I think the problem might be that print() automatically calls head() in order to download only a small amount of data. In most databases we use LIMIT to compute that, and LIMIT is applied after the summaries have been computed. But Oracle doesn't support LIMIT so we instead do (e.g.) ROWNUM <= 6 and I'm guessing that's applied before the summaries are computed.

It looks like we need to always use ROWNUM in a subquery, as recommended by https://www.techonthenet.com/oracle/functions/rownum.php.

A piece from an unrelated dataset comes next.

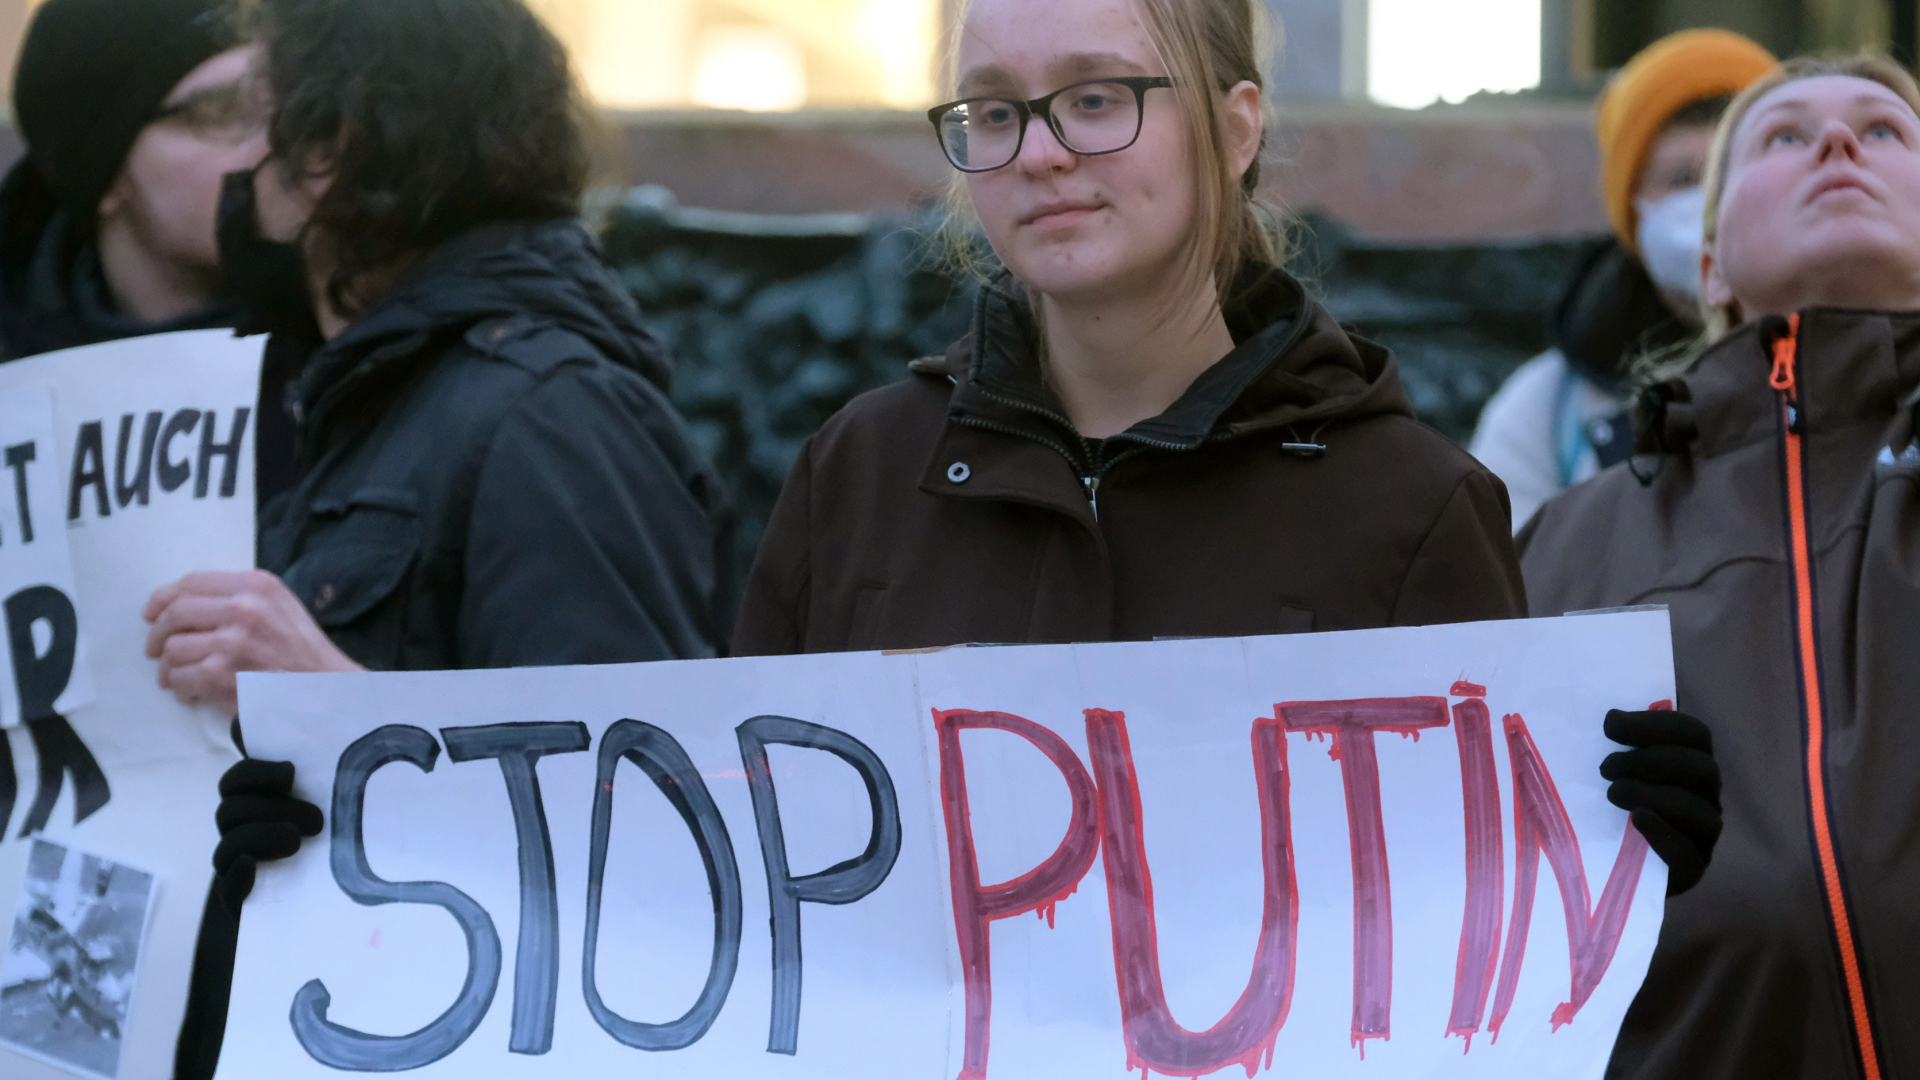  Sachsen, Leipzig: Eine Frau hält bei einer Kundgebung auf dem Marktplatz ein Schild mit der Aufschrift ·Stop Putin· | dpa

nilescbn commented 8 months ago

Okay, thank you Hadley. Here's the copy/paste output from reprex() from the code you shared (with certain entries masked with [...] again).

my_tbl |> 
  summarize(n_distinct(DISTRICT_CODE)) |> 
  head(6)
#> # Source:   SQL [1 x 1]
#> # Database: Oracle 19.00.0000[...]
#>   `n_distinct(DISTRICT_CODE)`
#>                         <dbl>
#> 1                           1

my_tbl  |> 
  summarize(n_distinct(DISTRICT_CODE)) |> 
  head(6) |> 
  show_query()
#> <SQL>
#> SELECT COUNT(DISTINCT "DISTRICT_CODE") AS "n_distinct(DISTRICT_CODE)"
#> FROM "[...]"."[...]"
#> WHERE (ROWNUM <= 6)

Created on 2024-01-17 with reprex v2.1.0

Following that link you sent on subqueries, I can confirm that running this SQL chunk returns the correct result (and also, that query from show_query() produces the wrong count).

SELECT *
FROM (SELECT COUNT(DISTINCT "DISTRICT_CODE") AS "n_distinct(DISTRICT_CODE)"
      FROM "RECFIN_MARTS"."COMPREHENSIVE_REC_CATCH_EST")
WHERE ROWNUM <= 6;

The odd thing is that I'm 99.9% sure that this behaviour is new. I've been using dplyr with this database pretty much as soon as Oracle was supported.

hadley commented 8 months ago

Oh yeah, it looks like it was introduced in #1292, so we made need to revert that change.

Thanks for helping me debug this problem!